Fehlschuss von Dargun beispiellos

Die Namen der Gefallenen des Weltkriegs von 1914 bis 1918 sind am Ehrenmal aufgeführt.
Von unserem RedaktionsmitgliedEberhard Rogmann
Die Motivwahl für eine Zielscheibe entsetzt den Geschäftsführer der Kriegsgräberfürsorge.

Dargun.Das seltsame Gebaren von Sportschützen an der mecklenburgischen Landesgrenze löst in der Hauptstadt Schwerin verständnisloses Kopfschütteln aus. Dass jemand ein Ehrenmal für gefallene deutsche Soldaten zu einem Motiv für ein Zielscheibe macht, auf die dann scharf geschossen wird, das ist Karsten Richter noch nicht untergekommen.

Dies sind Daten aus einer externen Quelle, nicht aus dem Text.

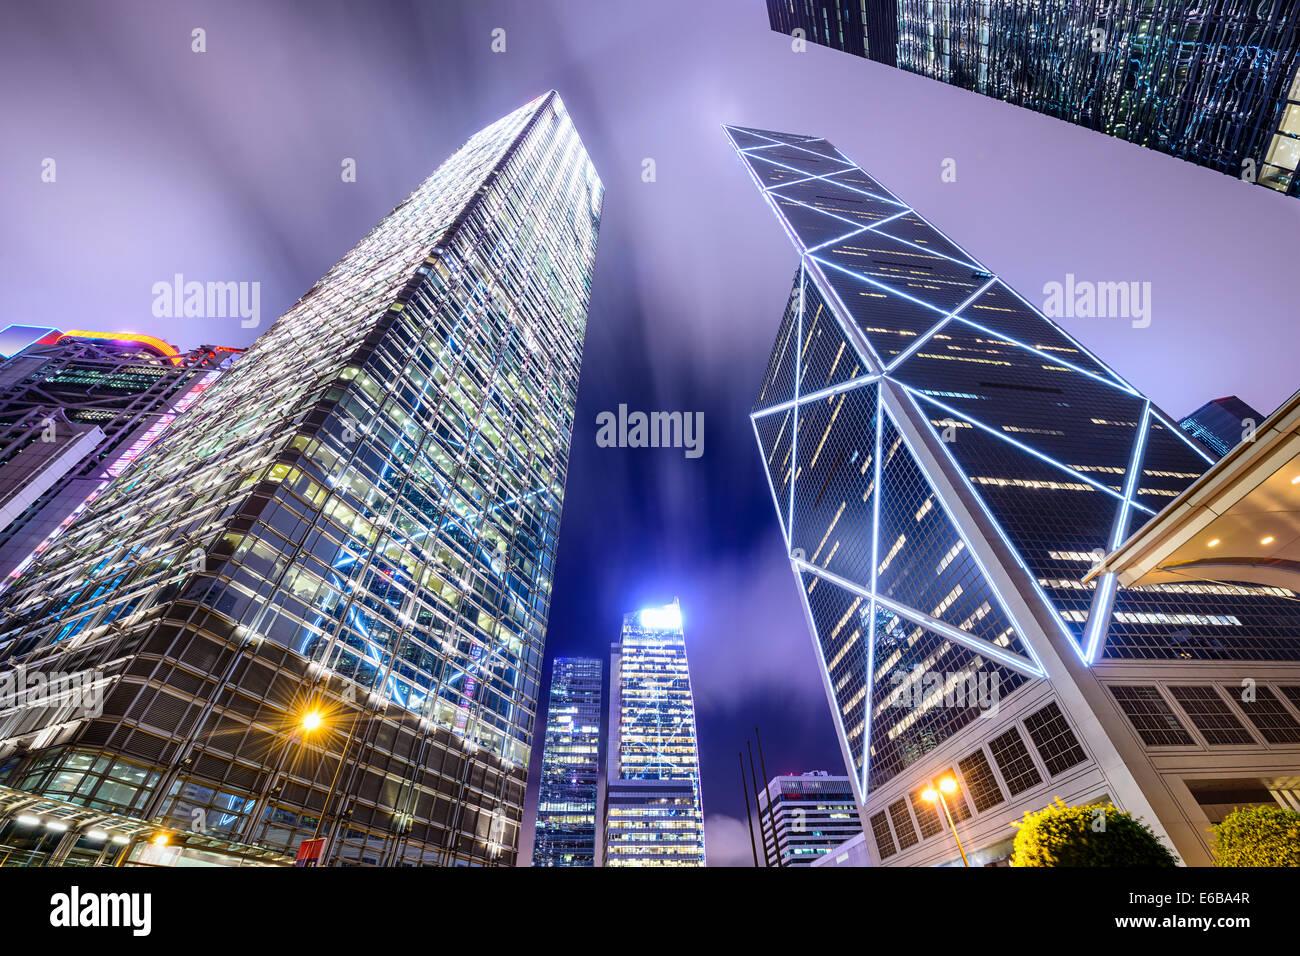 Hong Kong, China upward view of the CBD financial district. - Stock Image

Ganz im Gegenteil, so betont der Geschäftsführer des Landesverbands Deutsche Kriegsgräberfürsorge, seien die hiesigen Schützenvereine geachtete Partner des Volksbundes. „Da muss jemand ganz gehörig in die Irre gegangen sein. Eine bedenkliche Gedanken- und Ahnungslosigkeit auch jener, die auf die Scheibe angelegt haben. Das erschreckt“, sagt der Landesgeschäftsführer.

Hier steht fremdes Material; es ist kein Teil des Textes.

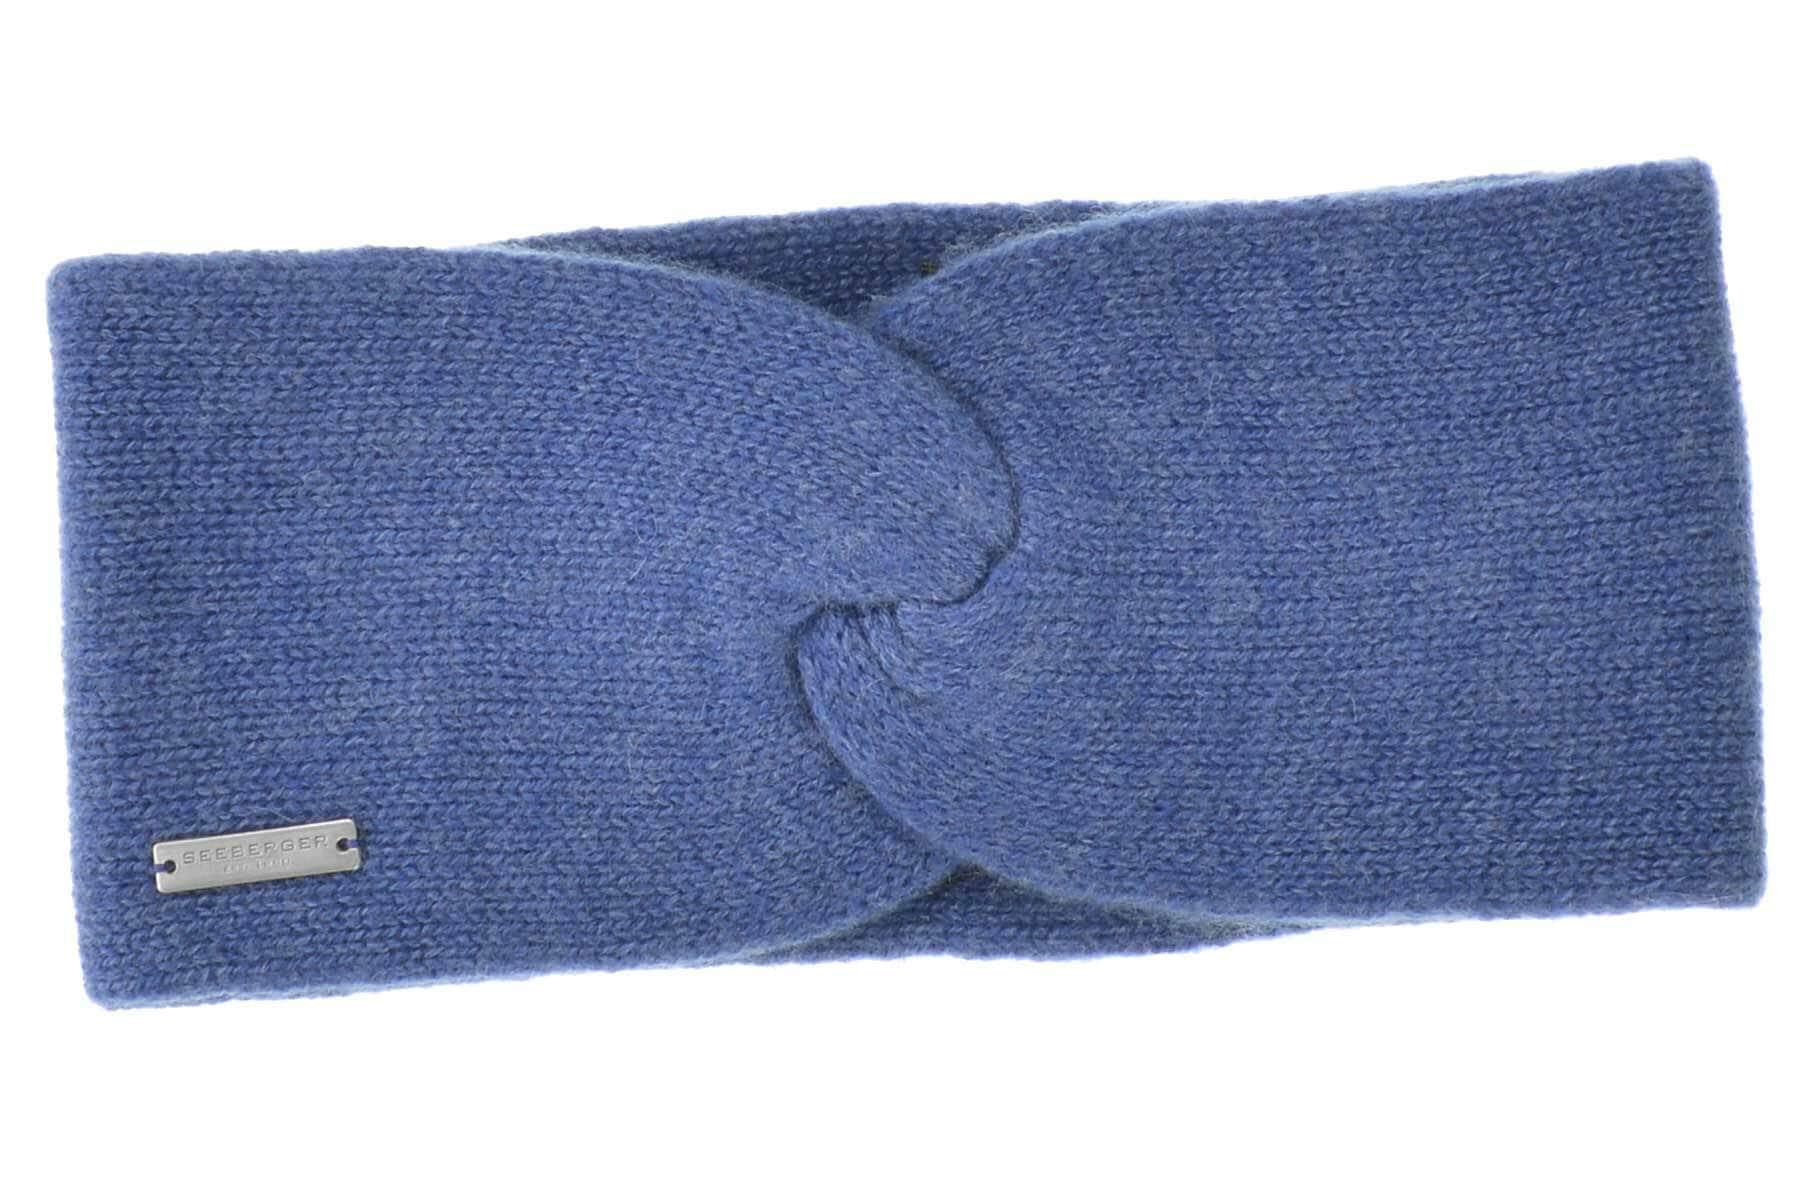 seeberger -  Haarband Stirnband mit Knotendetail in 100% Cashmere 17325-0

Zwar habe es vereinzelt Übergriffe auf Denkmale gegeben, selten zwar und zumeist aus ideologischen Beweggründen. Bei Schützenvereinen könne er dies aus seiner bisherigen Erfahrung ausschließen. „Deren Mitglieder sind sehr traditionsbewusst und heimatverbunden. Wir haben als Volksbund ein sehr gutes Verhältnis zu diesen Vereinen. Die Kameraden sind vielfach aktive Spendensammler. Zahlreiche Vereine haben die Pflege von Kriegsgräbern in ihren Orten übernommen“, schildert Karsten Richter. Er warnt nach dem Vorfall in Dargun, über die Zunft pauschal den Stab zu brechen. Zumal man dort inzwischen notwendige Konsequenzen gezogen habe.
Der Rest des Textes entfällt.